» **PROBLEM TO SOLVE**
The copy you give must match the listing below exactly and contain no pictures.

***** GIVEN DATA

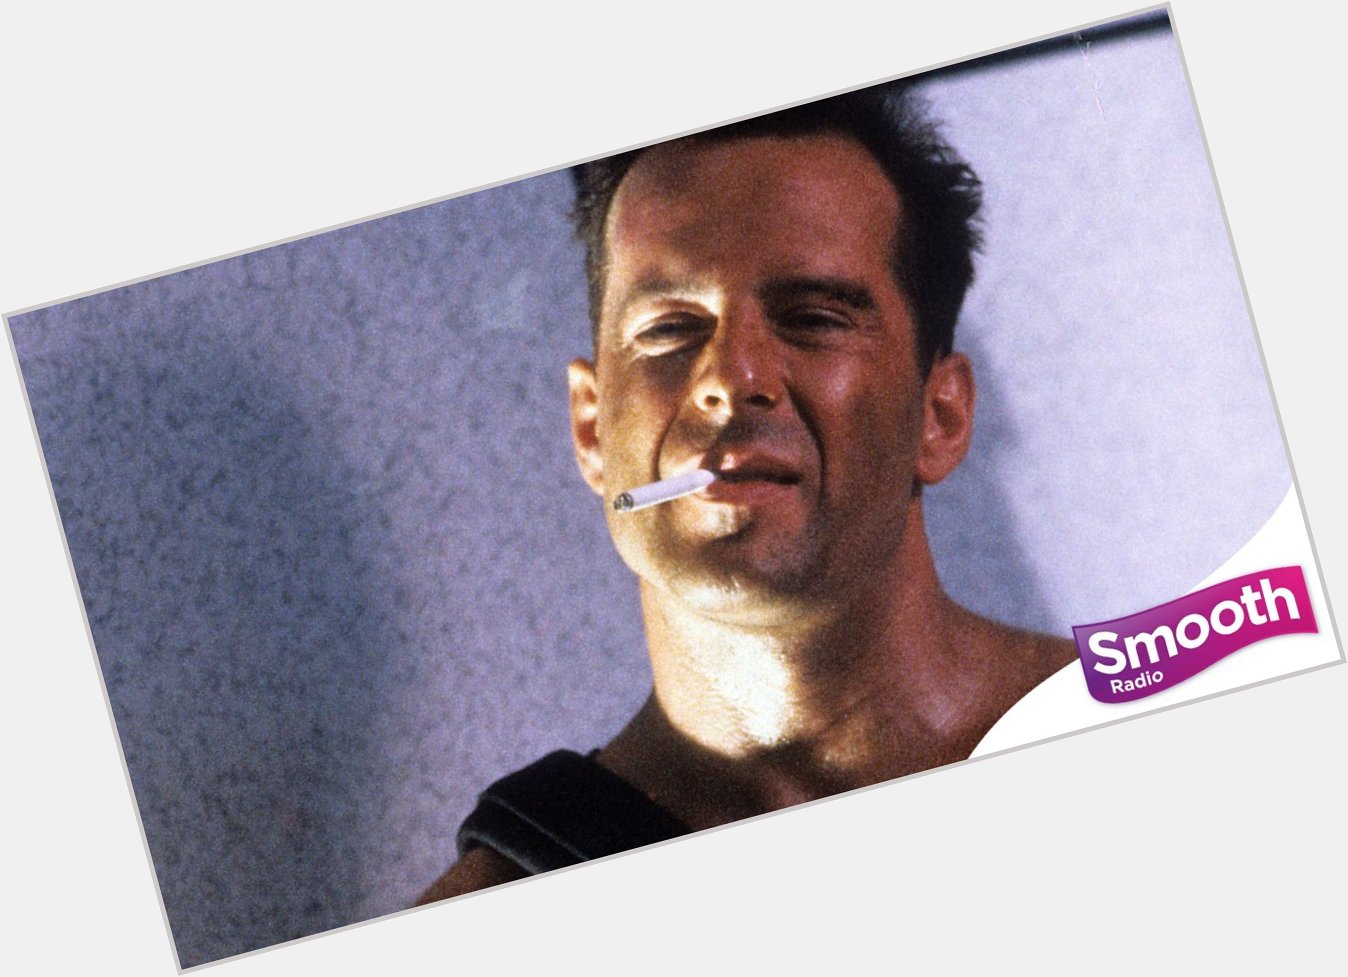 Happy 66th birthday, Bruce Willis! Here he is as John McClane in the 1988 blockbuster \Die Hard\. 
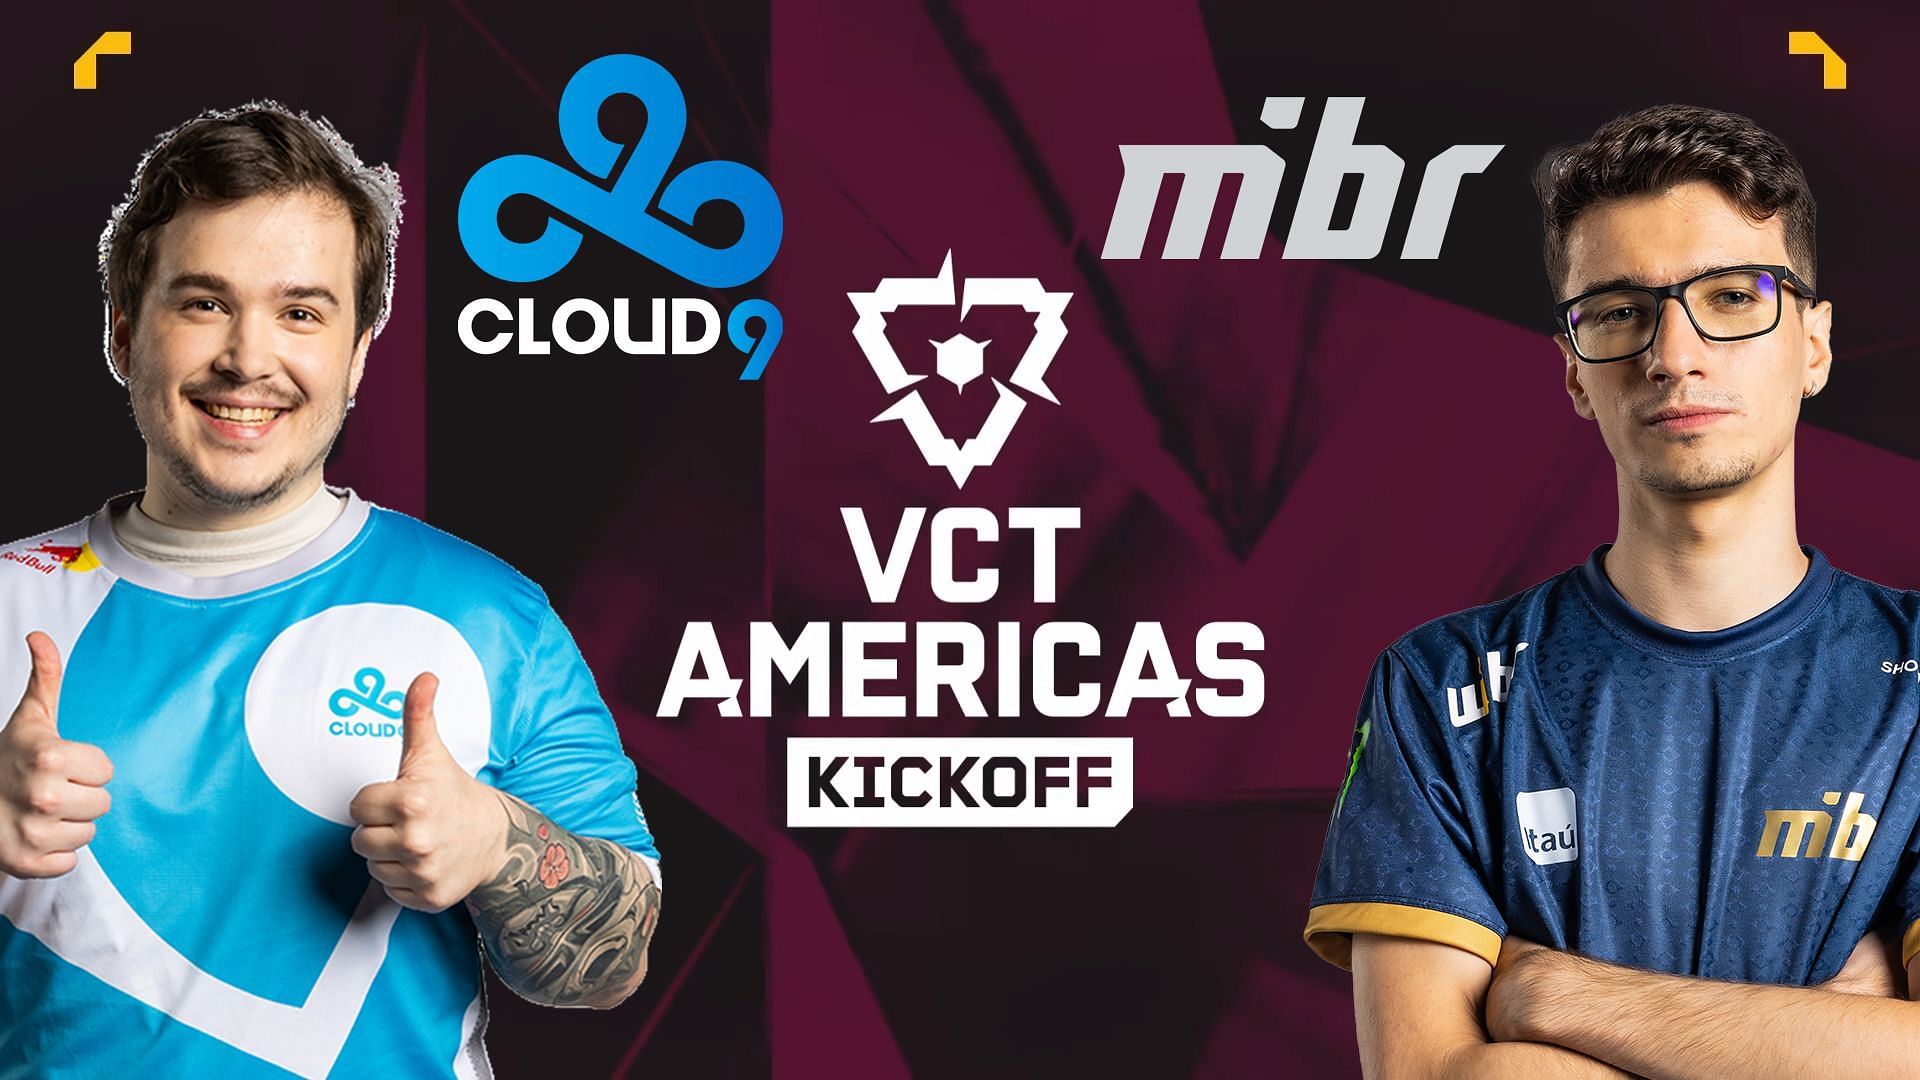 Cloud9 vs MIBR at VCT Americas Kickoff (Image via Riot Games, Cloud9 and MIBR)
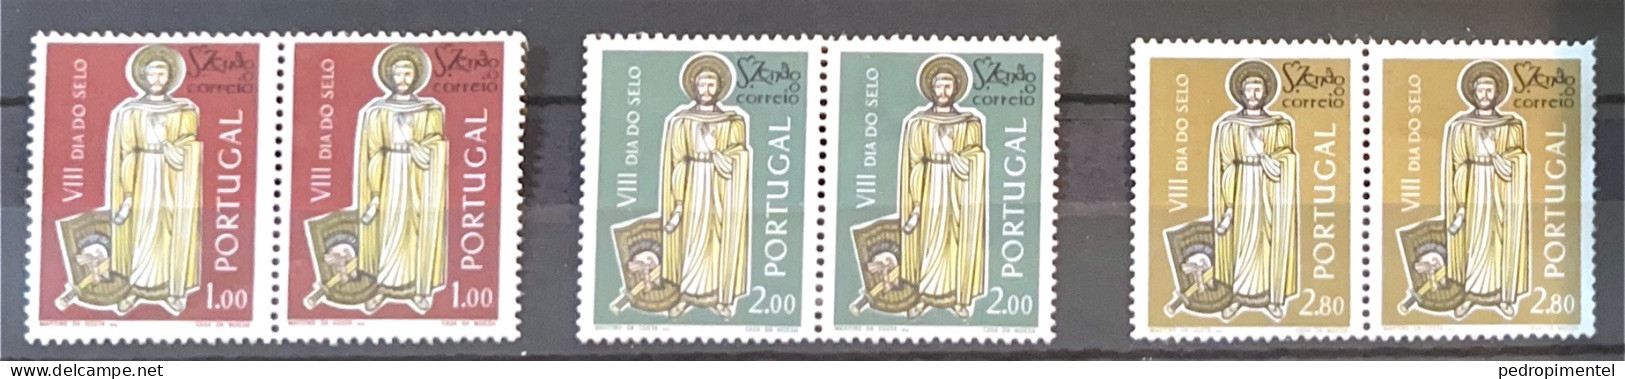 Portugal 1962 "Saint Zenon" Condition MNH #901-903 (pair) - Unused Stamps

**********

» **ANSWER FOR THIS EXERCISE**
 Happy 66th birthday, Bruce Willis! Here he is as John McClane in the 1988 blockbuster \Die Hard\. 
 Cloud9 vs MIBR at VCT Americas Kickoff (Image via Riot Games, Cloud9 and MIBR)
 Portugal 1962 "Saint Zenon" Condition MNH #901-903 (pair) - Unused Stamps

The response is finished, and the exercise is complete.